Quorn then filed a motion to dismiss which is currently under review by the court.

The Judge has dismissed the lawsuit, finding that the possibility of FDA action preempts state laws.

SARA LEE. CSPI notified Sara Lee of its intent to sue based on misleading claims on labels for the company's "Soft & Smooth Made With Whole Grain White Bread."  As part of a settlement agreement with CSPI, Sara Lee agreed to change its labels to make it clear the product contains only 30 percent whole grains rather than claiming the product is nutritionally equivalent to 100 percent whole wheat bread. The new labels will also state two slices of bread contain 10 grams of whole grains, and the government recommends consuming 48 grams per day.

SCHOOL SOFT DRINKS. CSPI's negotiations with the major soft drink companies to get soft drinks out of public schools contributed to an agreement announced through the Clinton Foundation and the American Heart Association. Coca-Cola, PepsiCo, and Cadbury Schweppes agreed to phase-out sugary soft drinks from schools.
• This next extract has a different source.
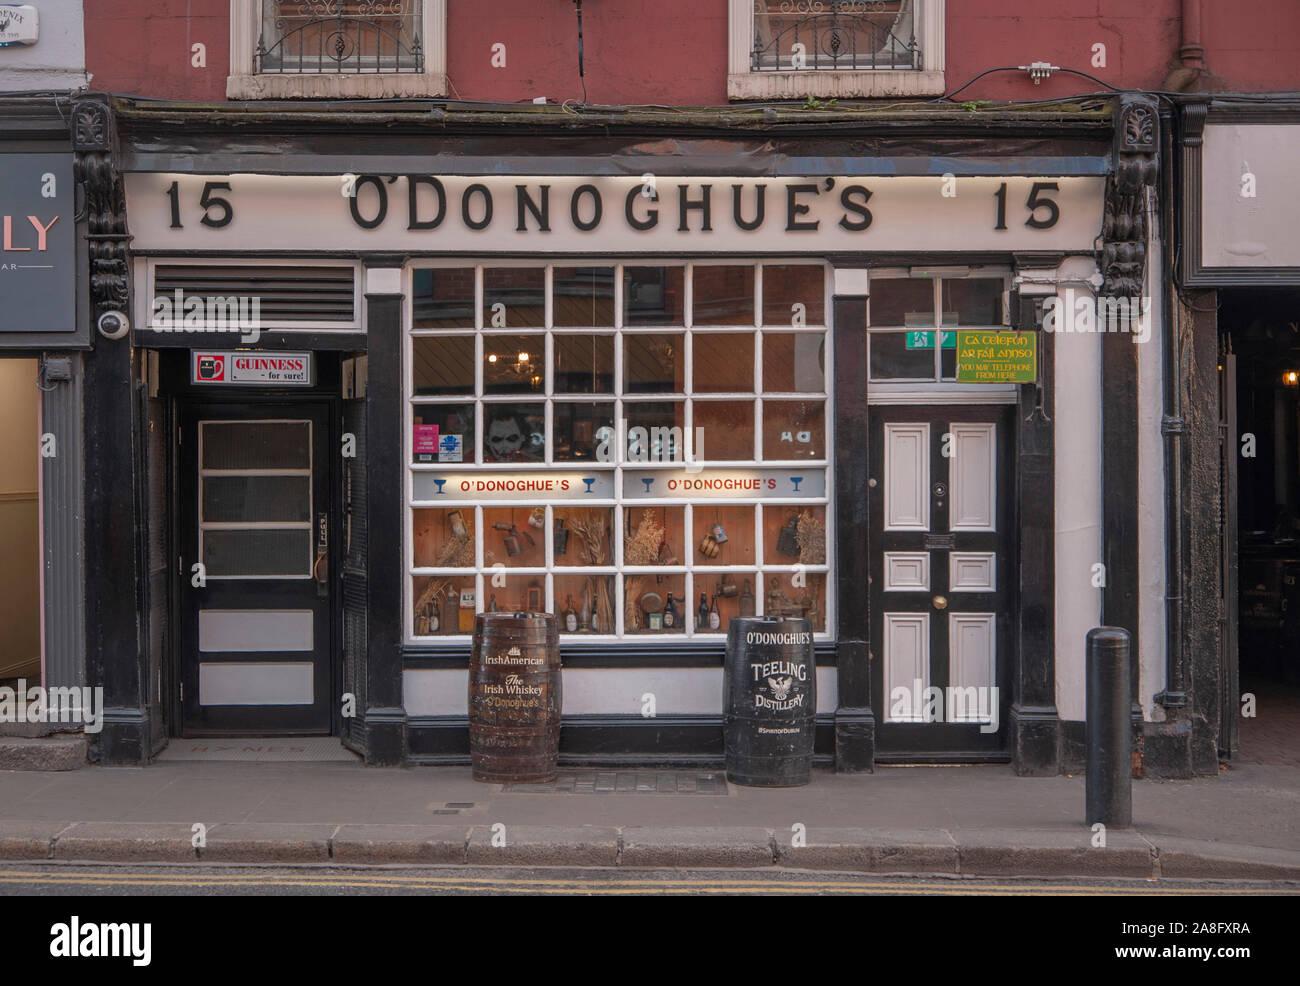 O'Donoghue's public house in Dublin Ireland Stock Photo

SPLENDA. Splenda is an artificial sweetener, but its makers (McNeil-PPC, Inc. and McNeil Nutritionals, LLC) promote Splenda in a way that misleads consumers into believing that Splenda is a simply natural form of sugar without the calories: "Made From Sugar, Tastes Like Sugar." CSPI's consumer research surveys showed that consumers think that Splenda as "natural" or "not an artificial product." In truth, Splenda is a synthetic chemical that contains chlorine and is not natural. The Sugar Association sued McNeil on behalf of its members, to stop this deceptive practice. McNeil moved to dismiss the suit, claiming in part that the Sugar Association had waited too long to sue. CSPI filed an amicus curiae ("friend of the court") brief, advising the court that it is in the public's interest to stop fraudulent and misleading marketing at any point – even four years after the start of the deceptive Splenda campaign. The court agreed with CSPI's position, and denied the motion to dismiss.

STARBUCKS. After CSPI publicized the possibility of a lawsuit against Starbucks for the presence of trans fat in numerous pastry products, Starbucks met with CSPI in July 2006. This meeting may have expedited Starbucks' January 2, 2007 announcement that it was immediately eliminating trans fat in half of its U.S. stores (with the other half changing by the end of 2007).

TROPICANA PEACH PAPAYA. At the request of a private attorney, CSPI joined in a lawsuit against PepsiCo based on the fact that Tropicana Peach Papaya juice drink (1) contains no peach, (2) contains no papaya, and (3) is not a juice. Shortly after CSPI joined the litigation, PepsiCo agreed to modify its labels for Tropicana Peach Papaya, Tropicana Strawberry Melon, and Tropicana Twisters (even though the last two were not included in the lawsuit) to make it clear to consumers that these are artificially flavored drinks with very little actual juice.